I have been tasked with ensuring that graylog keeps logs for 12 months before deleting older data. What is the best method to ensure this? Just looking for ways to make sure we have the correct amount of space allocated to achieve this.
If you have to be absolutely sure, then you need to make a way to backup. But if a reasonable margin of error is allowed, you can just set retention to be time based, retention period to 1 day, number of indices to store to about 380 (better to have some spares, in case you need to manually rotate index), and retention strategy to delete. Then just make sure you have enough disk space.
Thank you so much jtkarvo for the response. Last question and I know this seems rather obvious, but how do you determine if you have enough disk space for what you want to do? It seems like if you under estimate you could run completely out of hard drive space on the system, while GrayLog itself thinks it has plenty of space to use. I don’t want to tank my current setup.

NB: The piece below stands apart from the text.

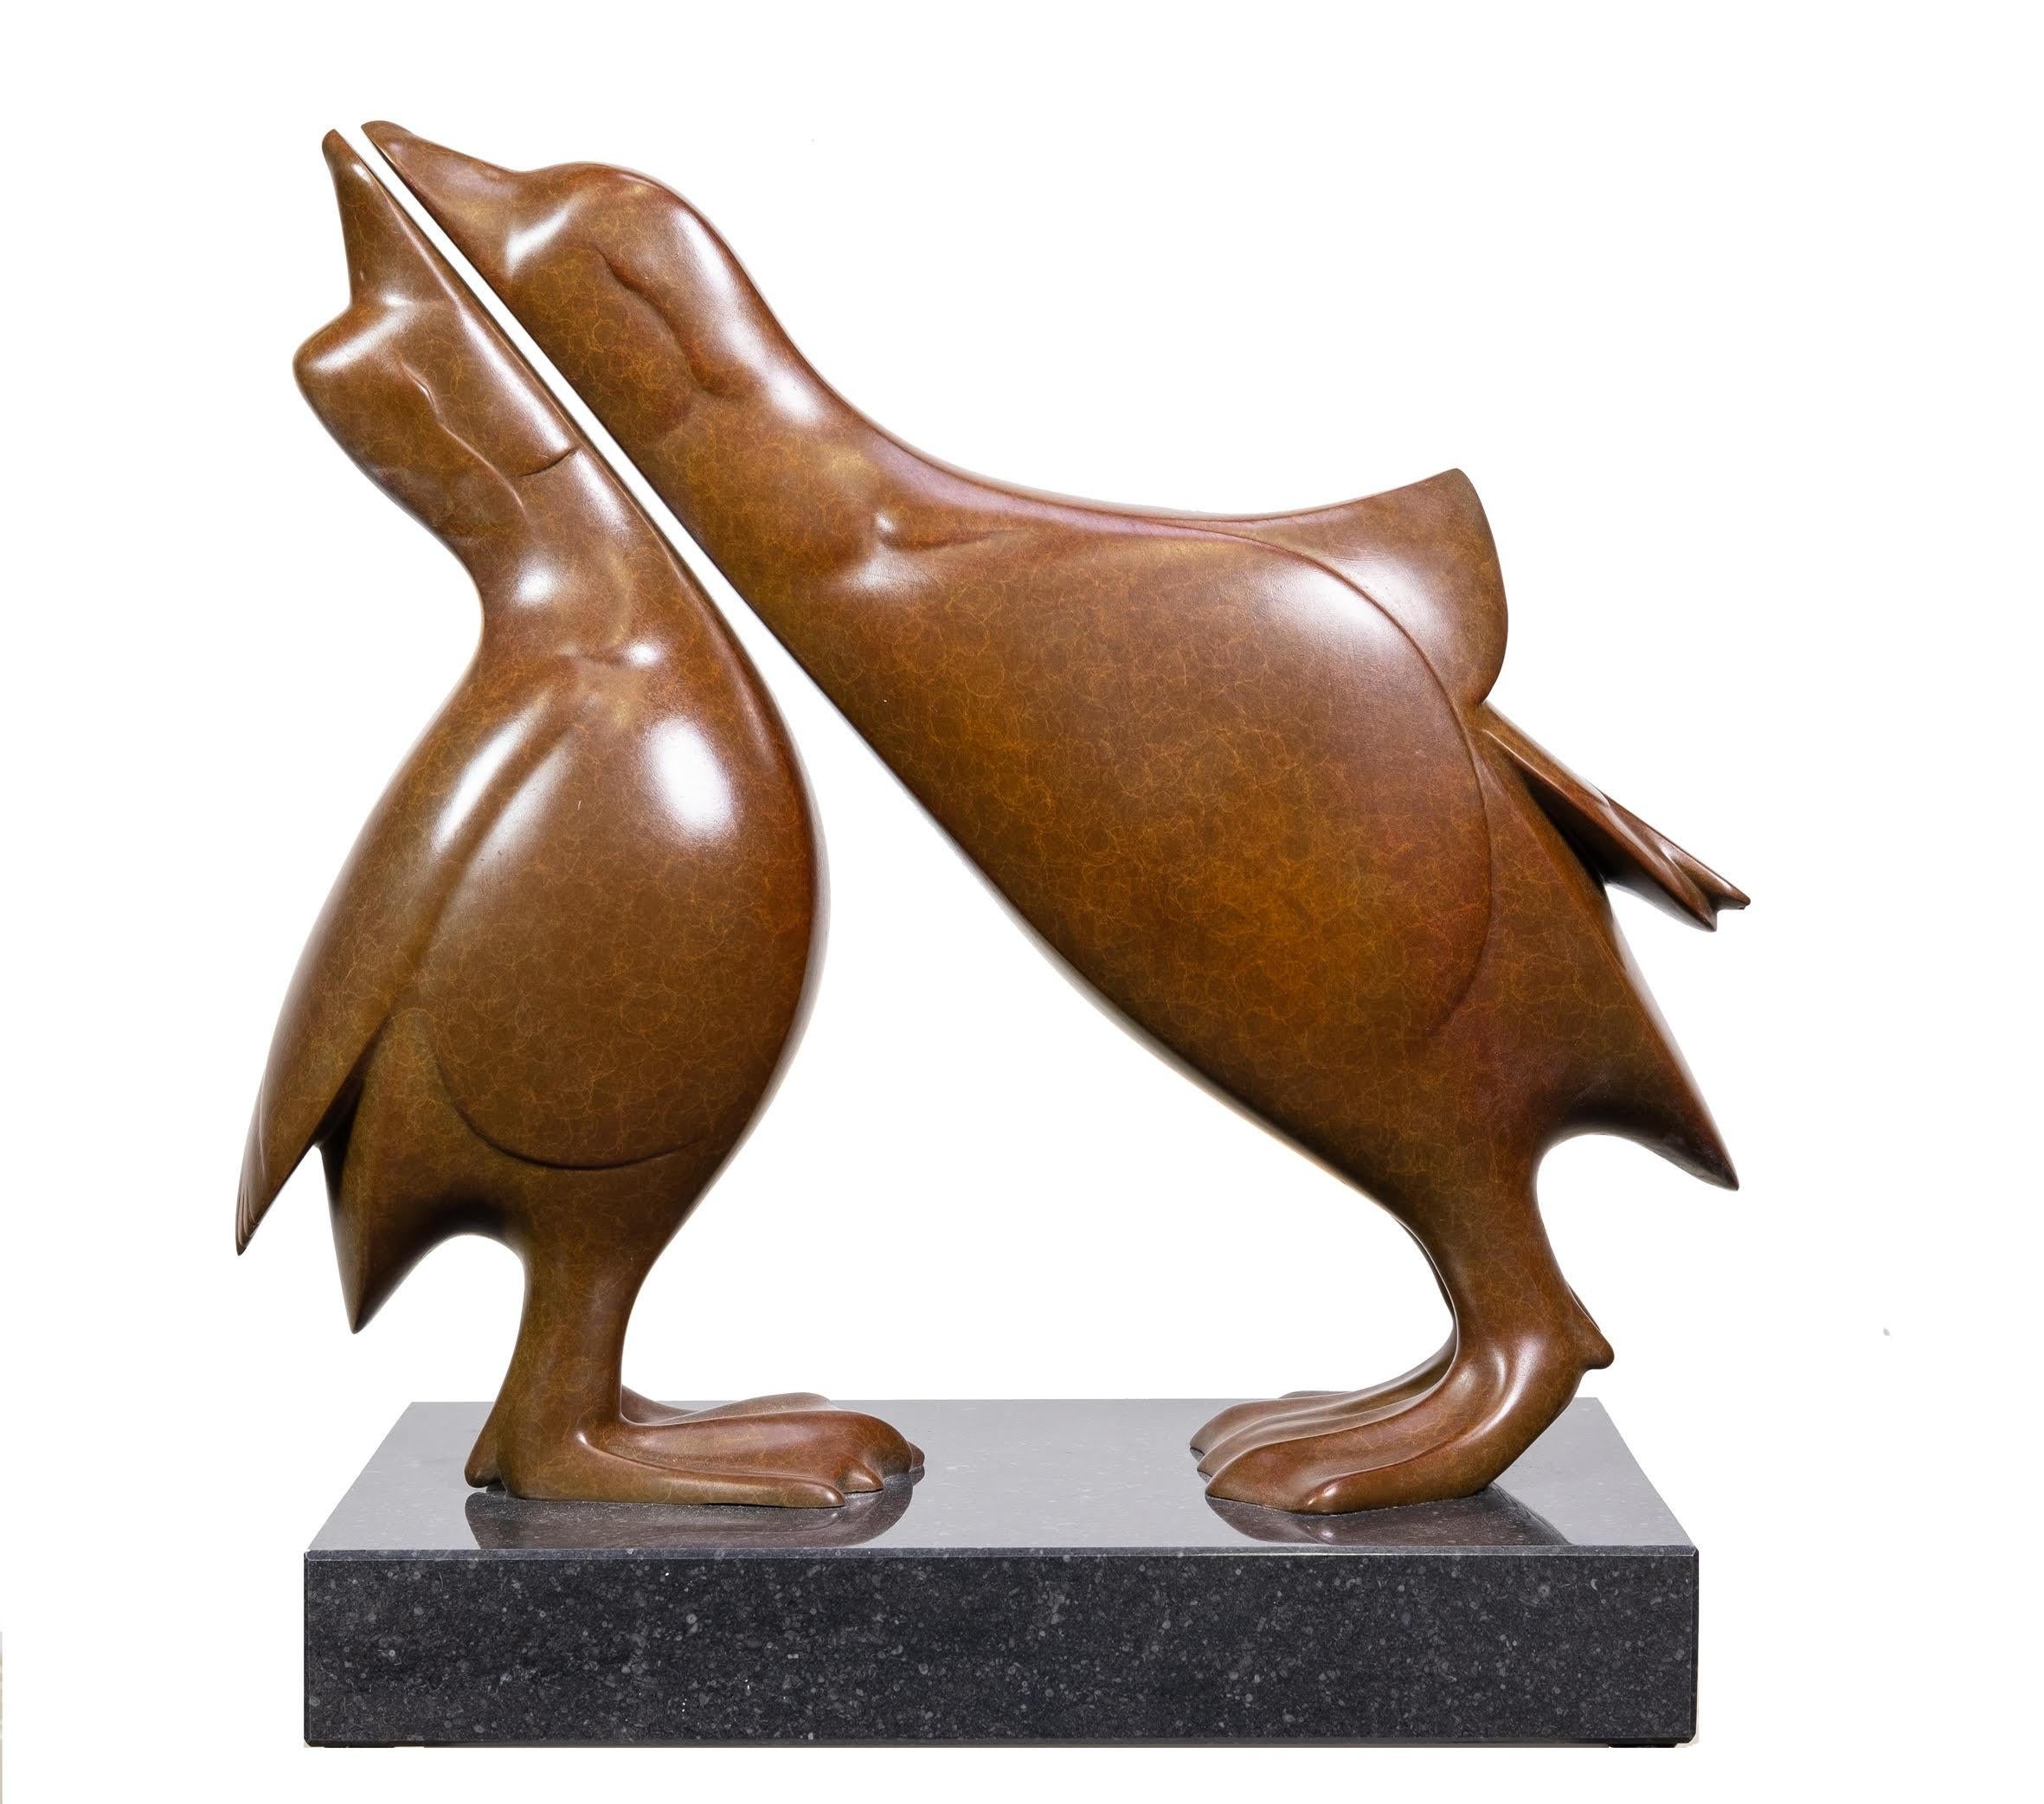 Figurative Sculpture Evert den Hartog - Twee Mandarijneenden n° 2 Sculpture contemporaine de deux canards mandarins en bronze

@Sparky for most ppl. it is hard to calculate. That is why do the following:
- Plan your setup that Elasticsearch is able to grow
- ingest one month and calculate on that month what you would need for a year.
- Monitor your disk usage
- place Elasticsearch on LVM Volumes
keep that posting in mind: https://www.elastic.co/blog/how-many-shards-should-i-have-in-my-elasticsearch-cluster
I have set up a cron task to log free disk space in the ES nodes, then made a dashboard in Graylog where I can see how the disk space is used (a graph showing the free disk space as a function of time); then we have added more disk to the ES nodes whenever needed.
This topic was automatically closed 14 days after the last reply. New replies are no longer allowed.